Chatbot Arena and the Elo rating system - Part 1

13 minute read

Published: June 20, 2024

Chatbot Arena, developed by members from LMSYS and UC Berkeley SkyLab, is a benchmark platform designed to evaluate large language models (LLMs) through anonymous, randomized battles in a crowdsourced environment. Launched in May 2023, it has been continuously updated to reflect the latest advancements in the field. The platform’s leaderboard is widely regarded as one of the most credible sources for ranking LLMs. The screenshot below highlights the competitive landscape featuring major players in the LLM space.

But how do we get this leaderboard? What exactly is the Arena Elo score? Is this ranking manually decided by a panel of experts? How can a newly released model get so many votes and climb the ranks so quickly? And why do people trust this leaderboard so much? The answer to all these questions lies in the Elo rating system, a fascinating method used to rank competitors in a variety of games and sports.

In this blog post, we’ll dive into the Elo rating system and explore how it works. This is the first part of a series where we’ll break down the basics and show you why it’s such a popular way to rank players – and chatbots!

Why Elo rating system?

In the quest to identify the best models or to determine which ones outperform others, an impartial and reliable leaderboard becomes essential. One way to build such a leaderboard is if you can compute some metrics like accuracy and simply rank the models based on accuracy scores from high to low. Benchmarking LLMs, however, poses significant challenges due to the open-ended nature of user queries. Traditional metrics fall short in evaluating these models automatically, as they must account for numerous perspectives and the complexities of nuanced responses.

user_query — A screenshot of ChatGPT.com which shows the open-ended nature of user queries

While some literature suggests using AI models as judges—like the popular MTBench [1], which utilizes GPT-4 as the evaluator—this approach has limitations. AI judges often struggle to grasp the subtleties in long and complex responses, especially in real-world use cases.
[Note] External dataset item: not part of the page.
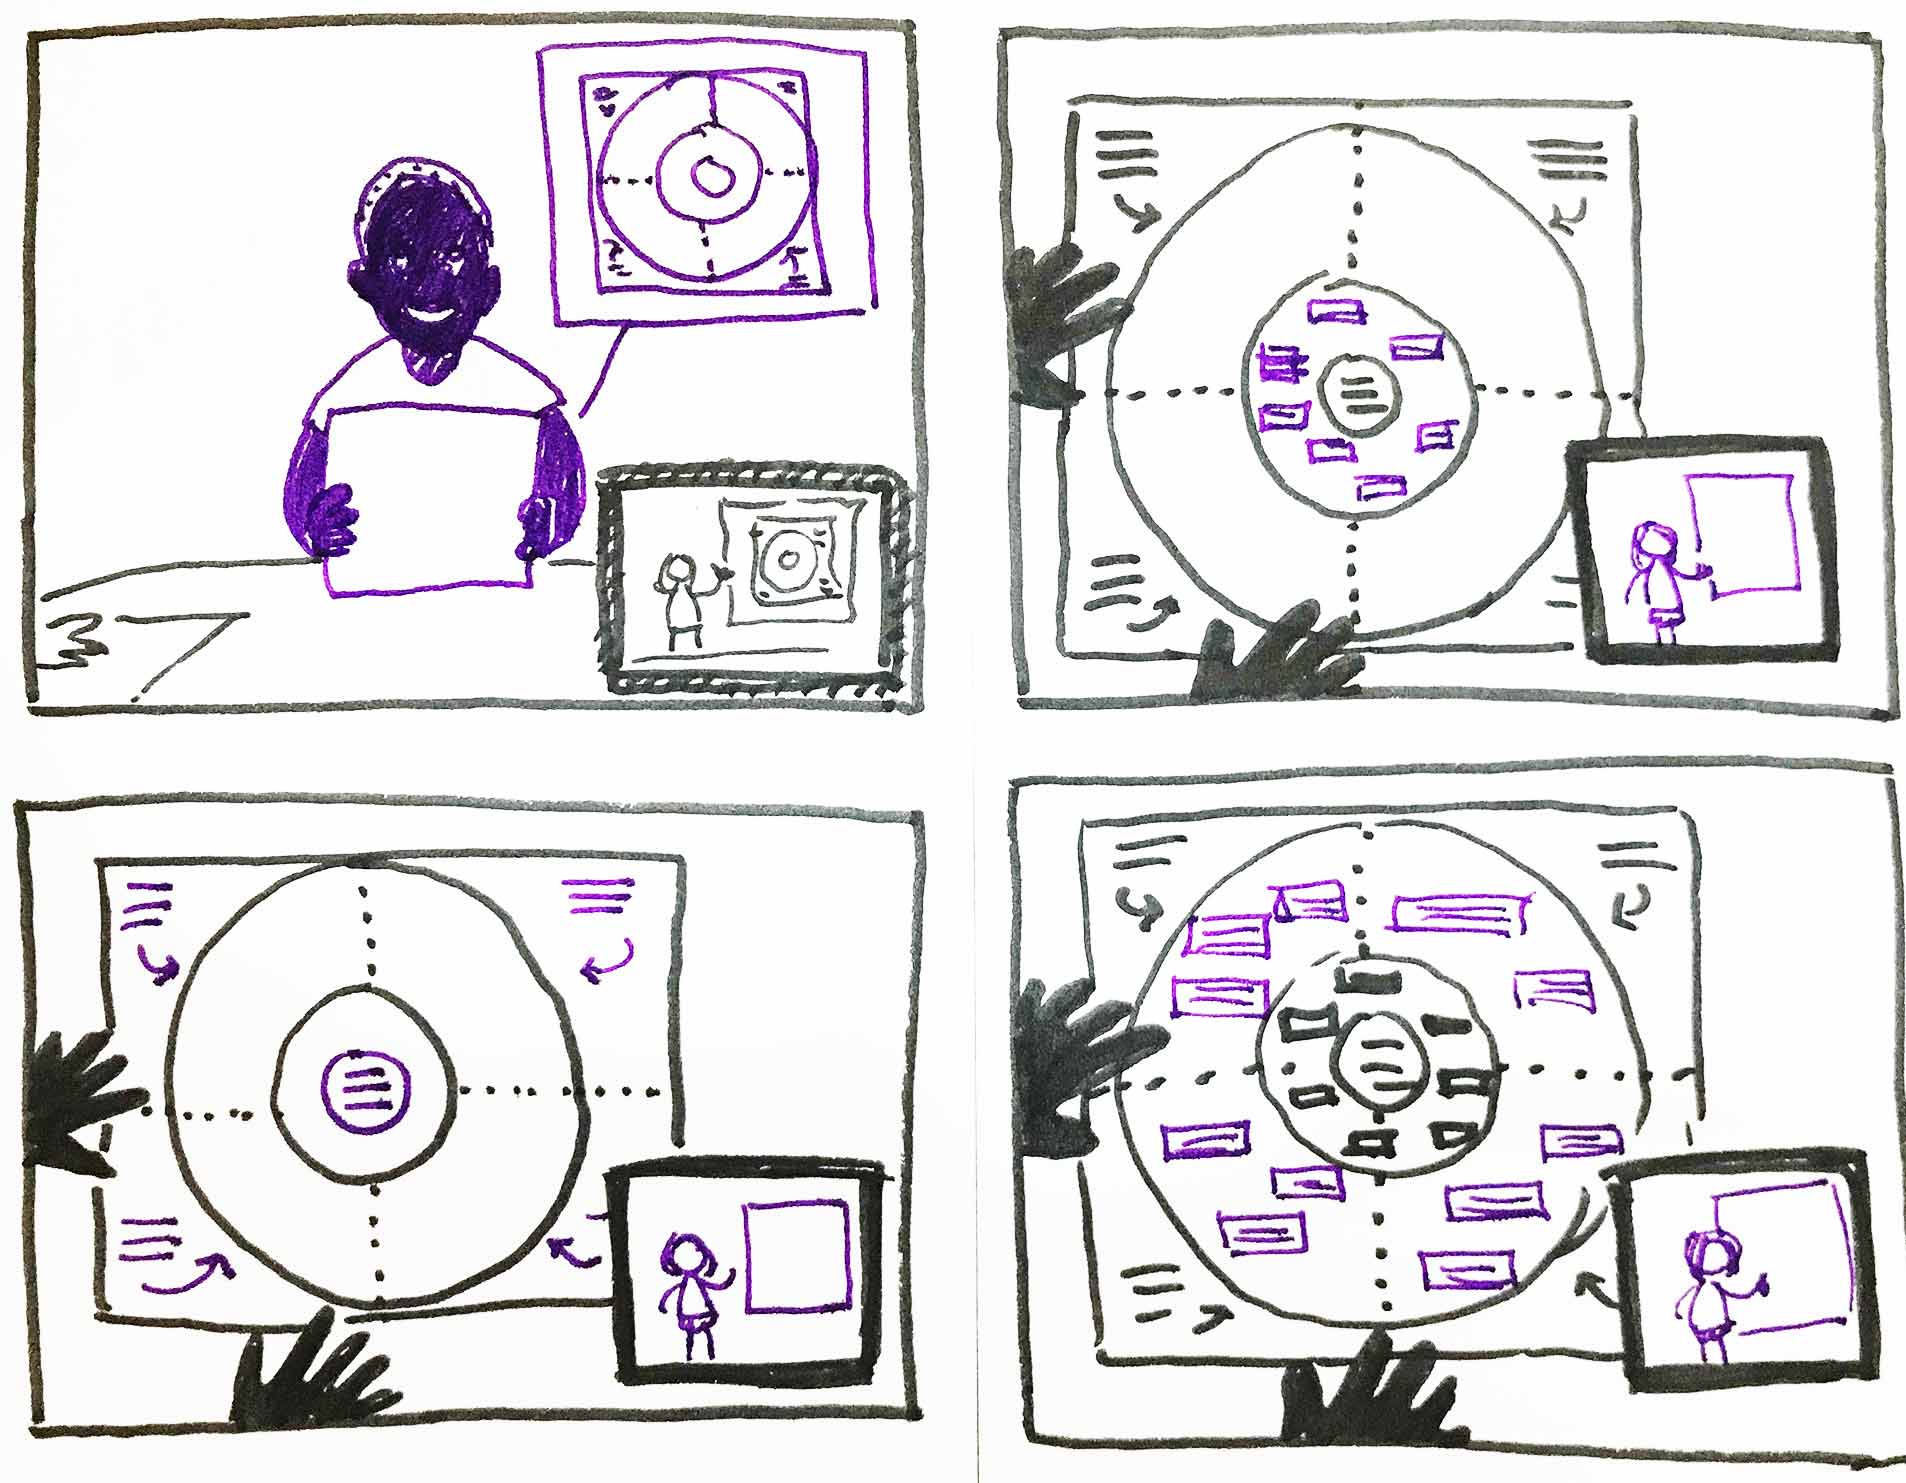 Sketch of four storyboard panels showing a presentation task overlaid on group workshop tasks

This is because they don’t have feelings, motives and values like humans do. Simply put, they are not perfectly aligned with us yet. Thus, human evaluation remains indispensable. Platforms like Chatbot Arena leverage crowdsourcing to facilitate pair-wise comparisons, where models are pitted against each other in “battles” to determine which one performs better.

To convert these pair-wise comparisons into a meaningful ranking, we turn to the Elo rating system. The Elo rating system is particularly well-suited for this purpose due to its advantageous properties in benchmarking based on pairwise comparisons:

Scalability: The Elo rating system can handle a large number of models efficiently. It doesn’t require extensive data for every possible model pair, making it feasible to benchmark numerous models.
Incrementality: New models can be evaluated with relatively few trials. This feature allows for quick integration and assessment of new entries into the ranking system.
Unique Order: The Elo system provides a clear, unique ranking for all models. For any two models, it can determine which one ranks higher or if they are tied, ensuring a straightforward and comprehensible leaderboard.

By leveraging the Elo rating system, we can maintain a dynamic and accurate leaderboard that reflects the performance of various models based on comprehensive pair-wise comparisons.

What is Elo rating system?

The Elo rating system is a widely recognized method for calculating the relative skill levels of players in zero-sum games, including chess, e-sports, and now, LLM evaluations. A zero-sum game, in game theory, is a situation where the total amount of resources available is fixed. Any gain by one player results in a loss by another player, meaning the sum of the gains and losses among all players is zero. For one player to succeed, others must fail.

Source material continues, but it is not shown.